**EXERCISE DESCRIPTION:**
In full and word for word, copy the listing; no pictures belong in the copy.

**SOURCE MATERIAL:**
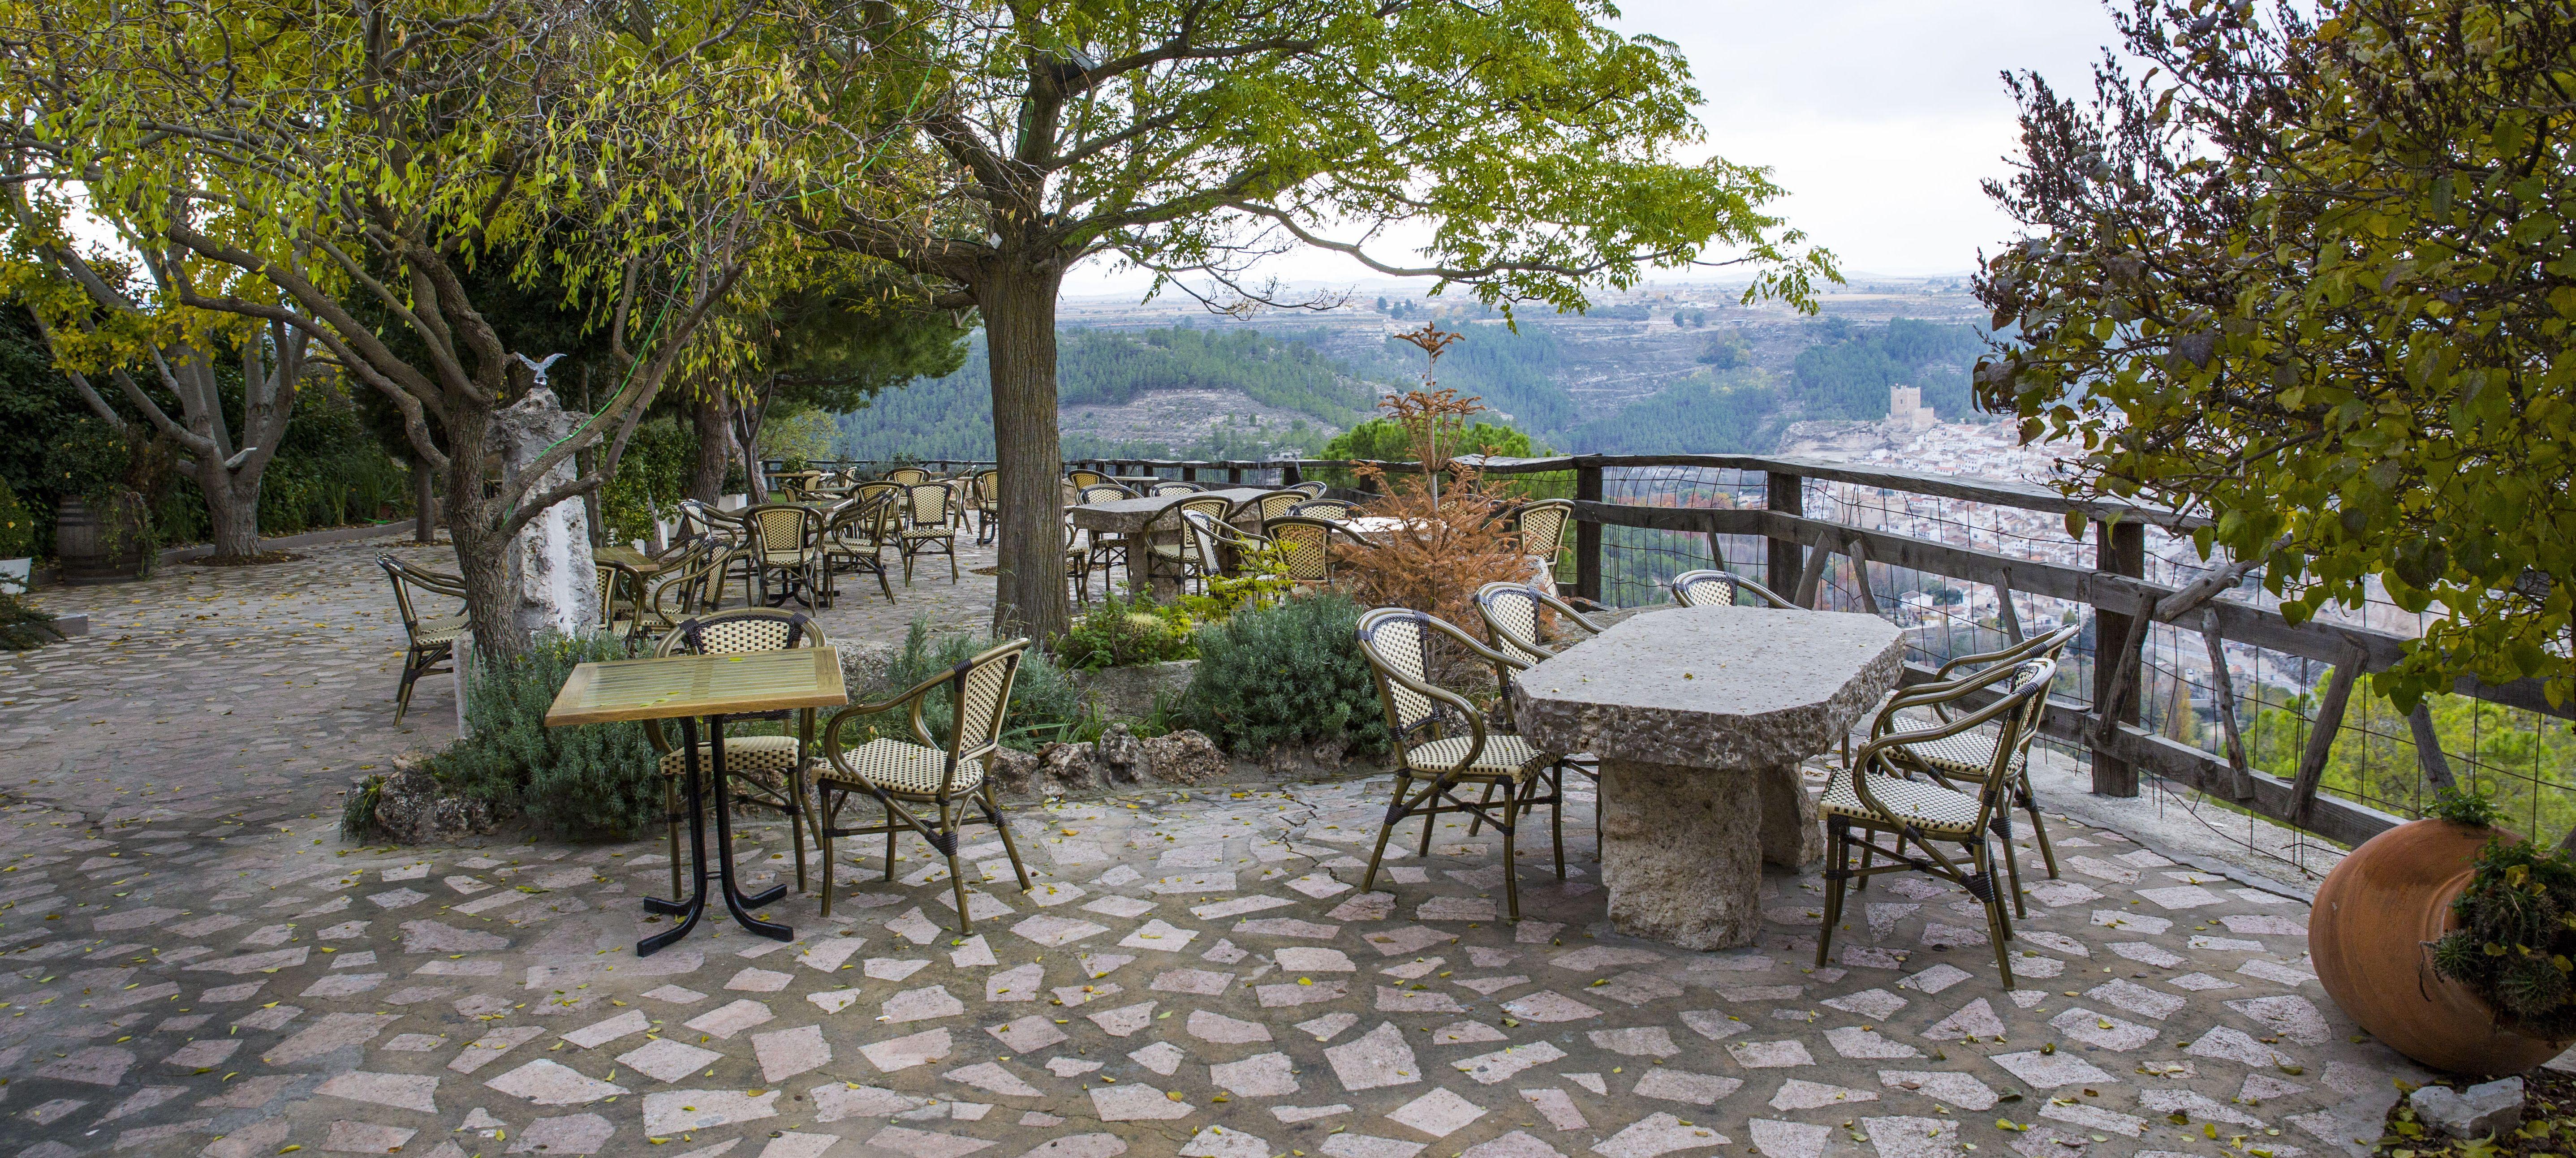 Disfruta de la terraza del restaurante
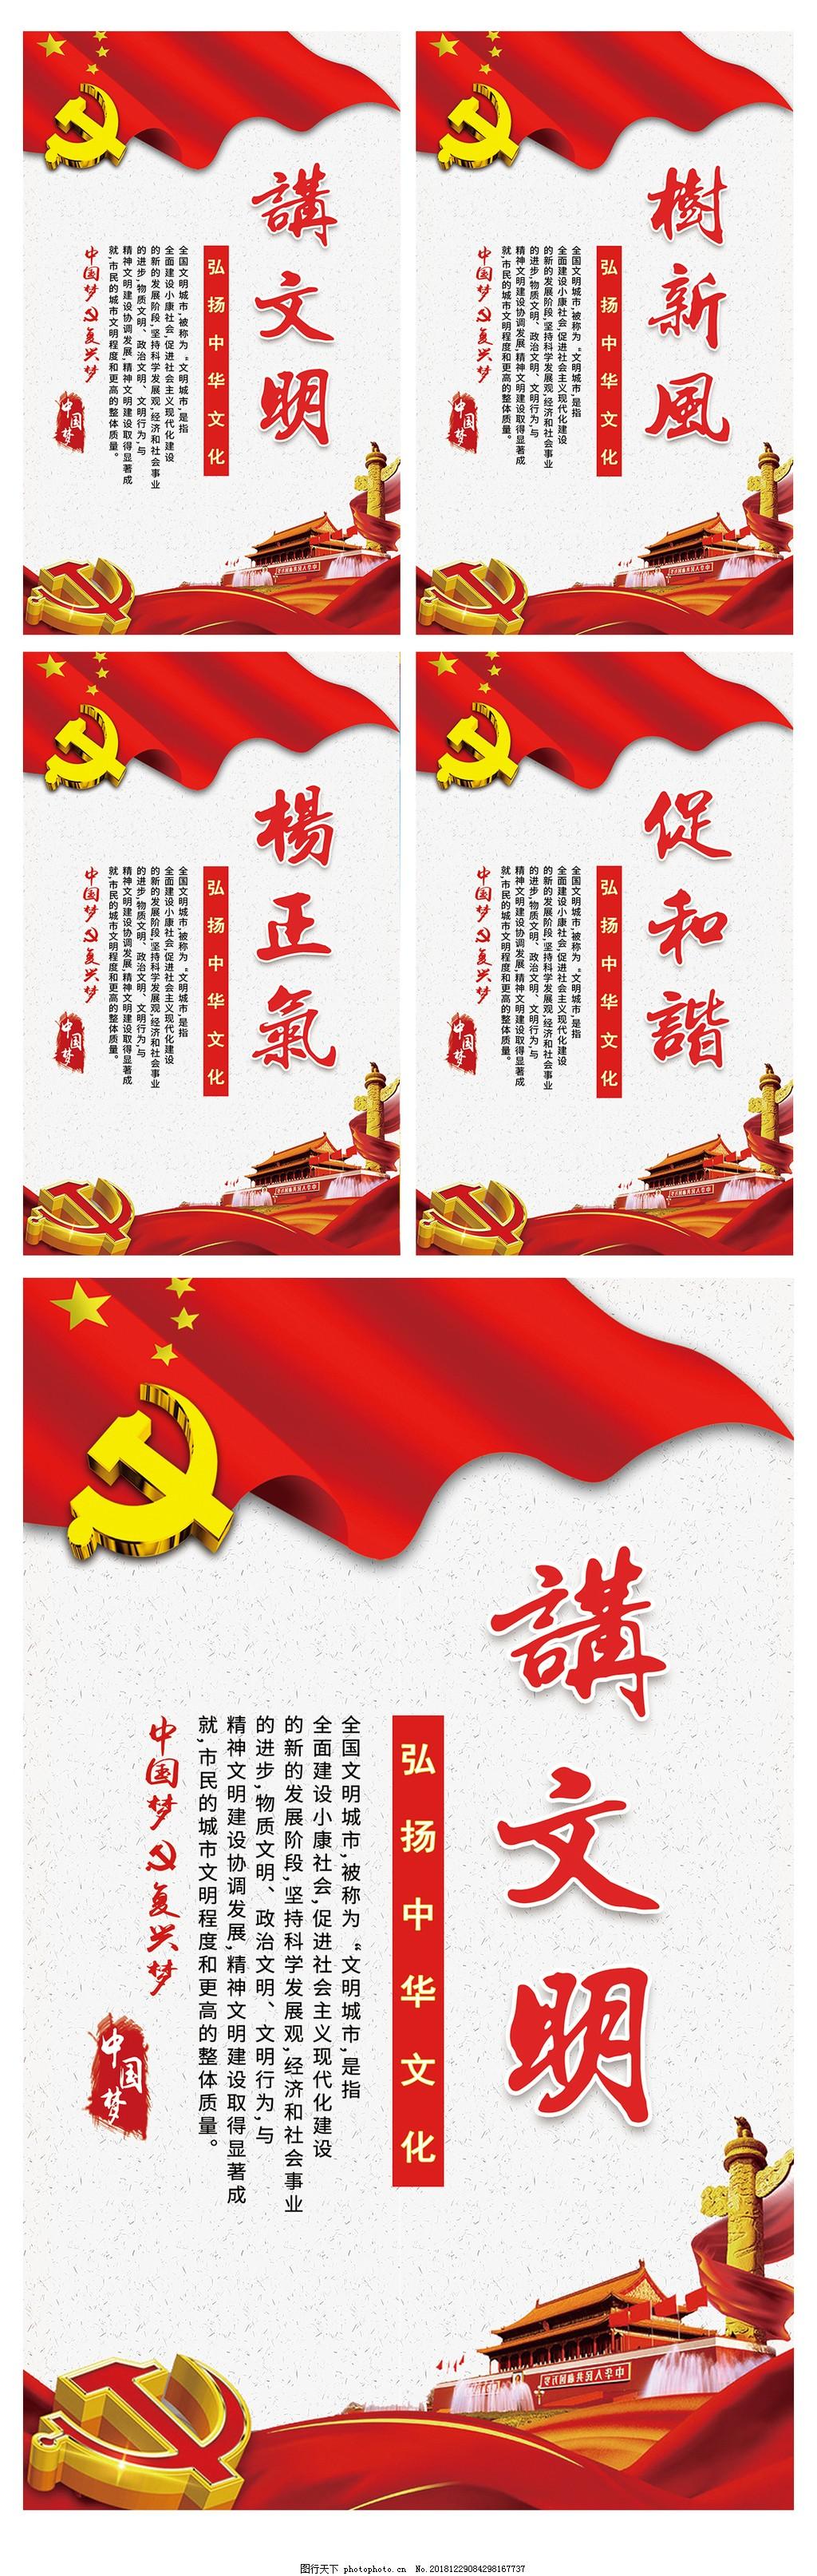 2017讲文明树新风红色文化党建宣传挂画,图片,psd,素材,模板,和谐社会,城市标语
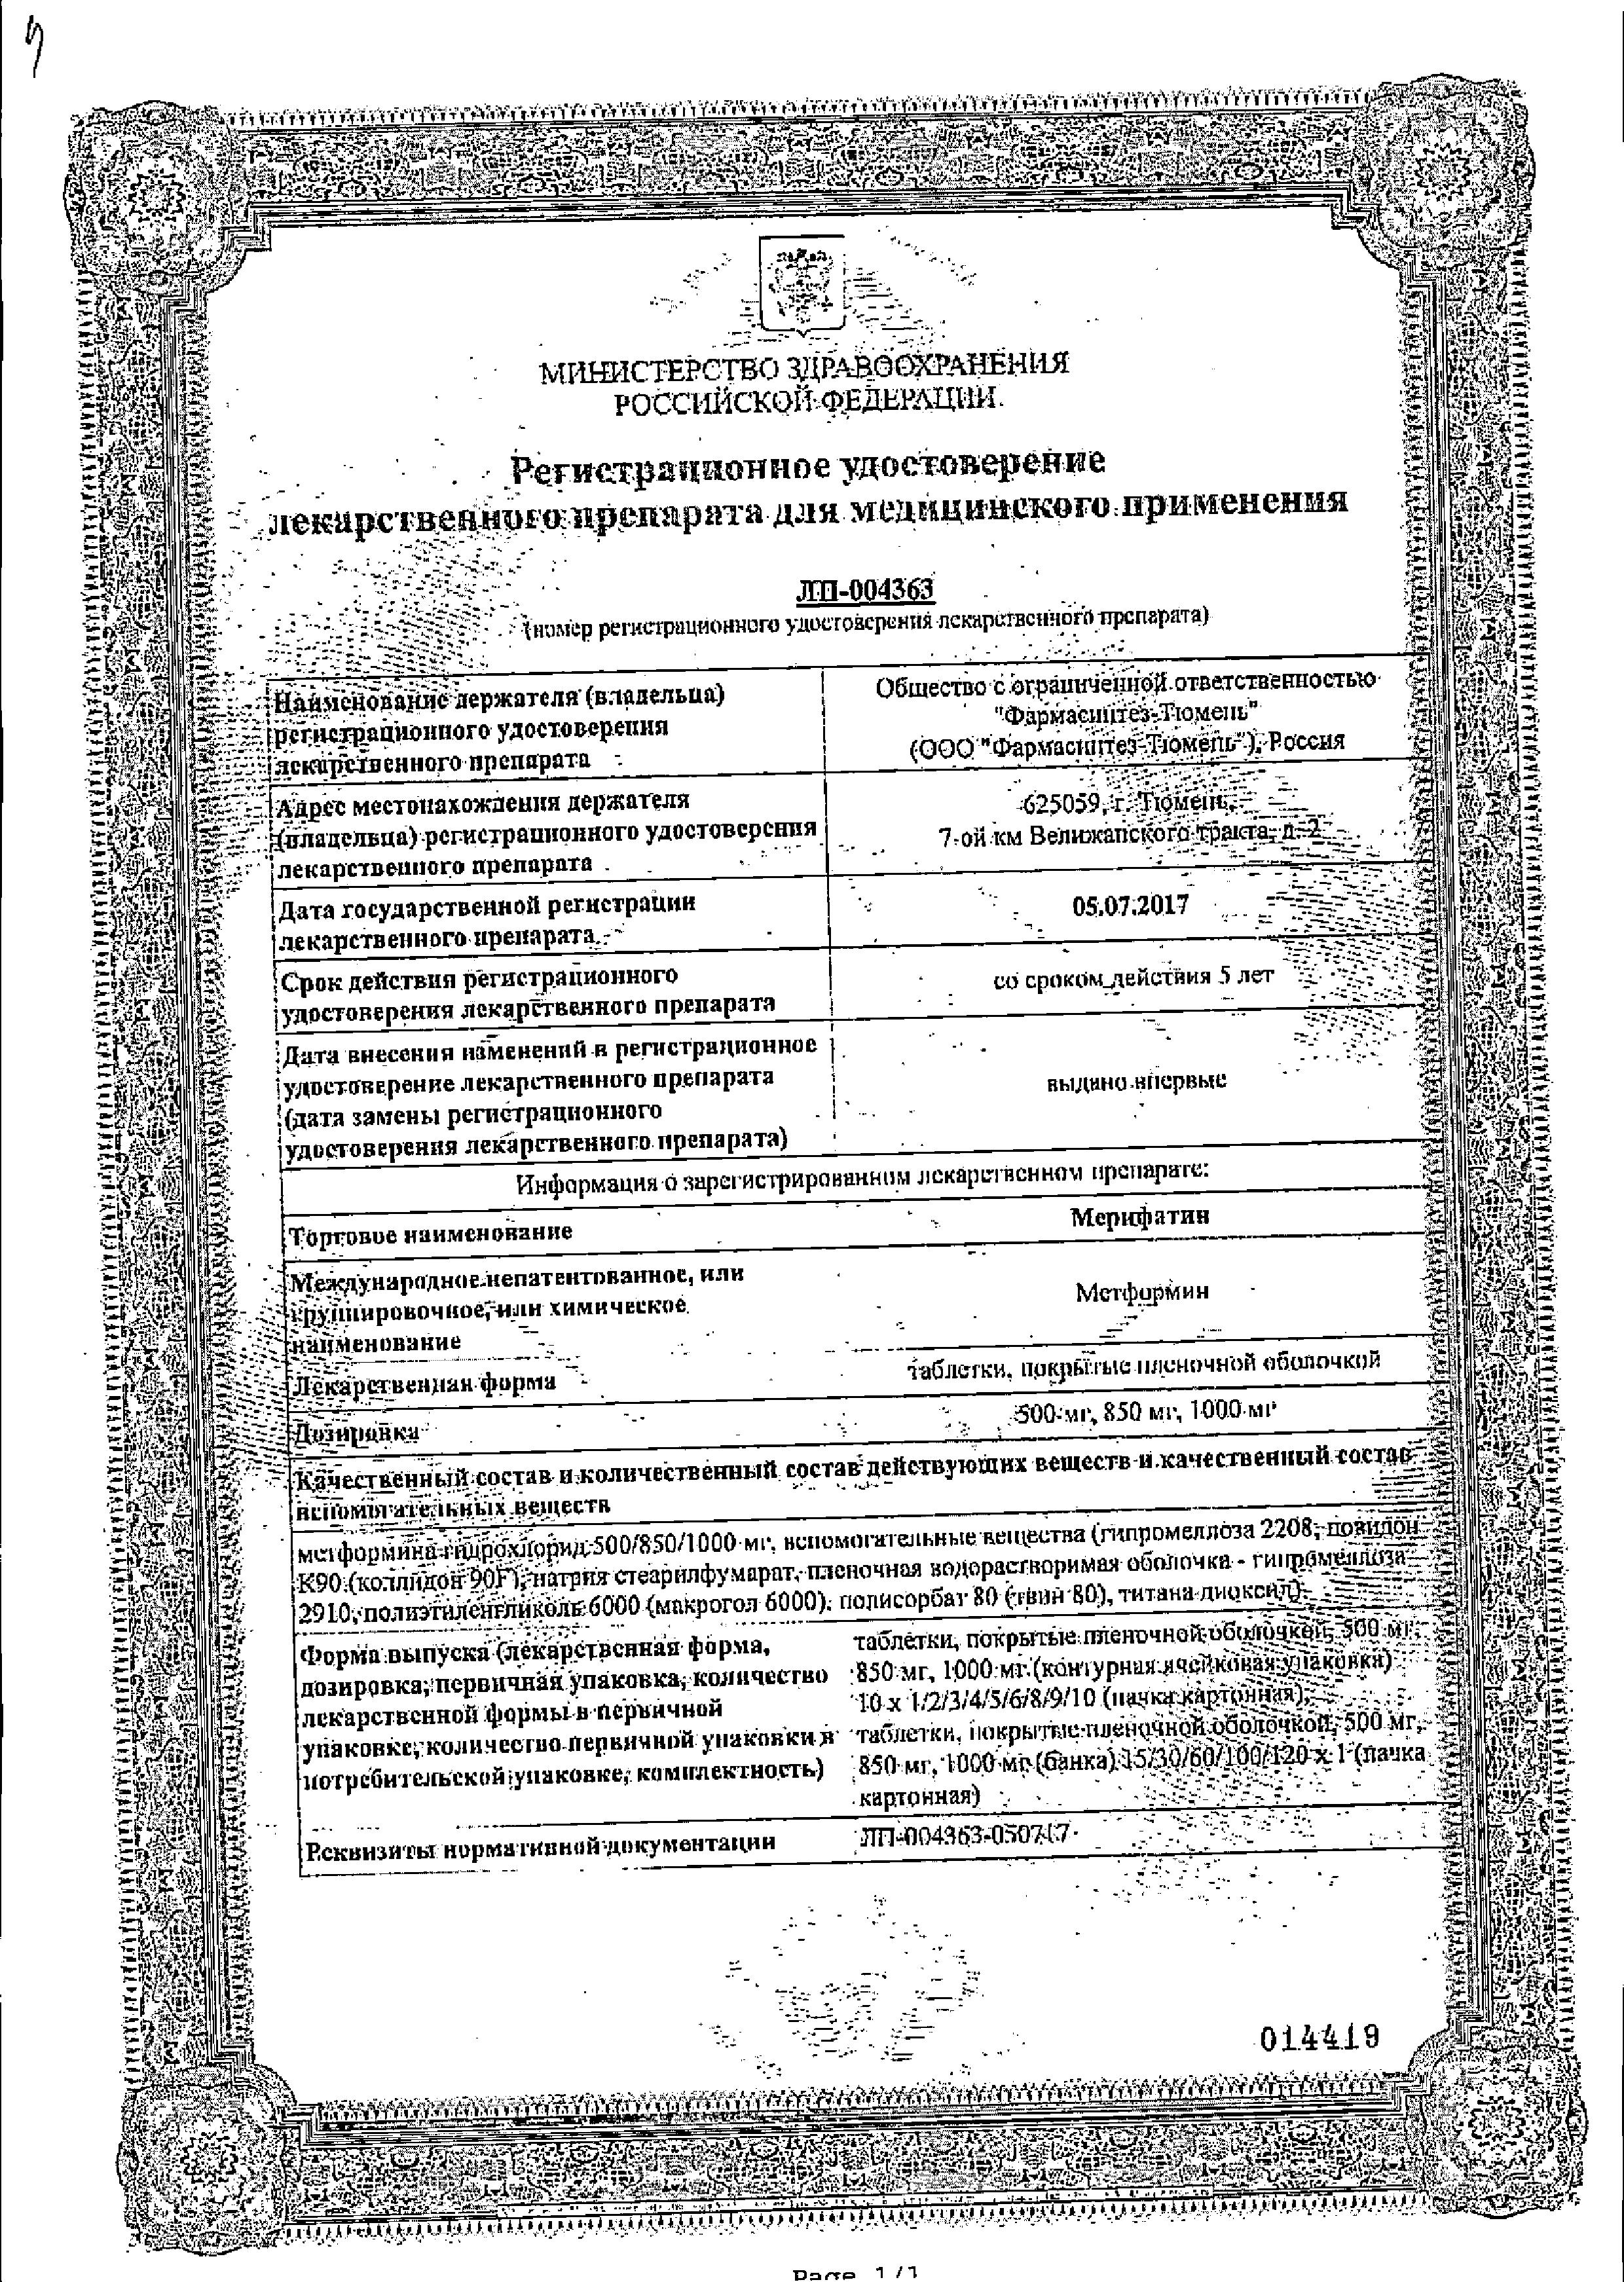 Мерифатин сертификат

**YOUR SOLUTION:**
 Disfruta de la terraza del restaurante
 2017讲文明树新风红色文化党建宣传挂画,图片,psd,素材,模板,和谐社会,城市标语
 Мерифатин сертификат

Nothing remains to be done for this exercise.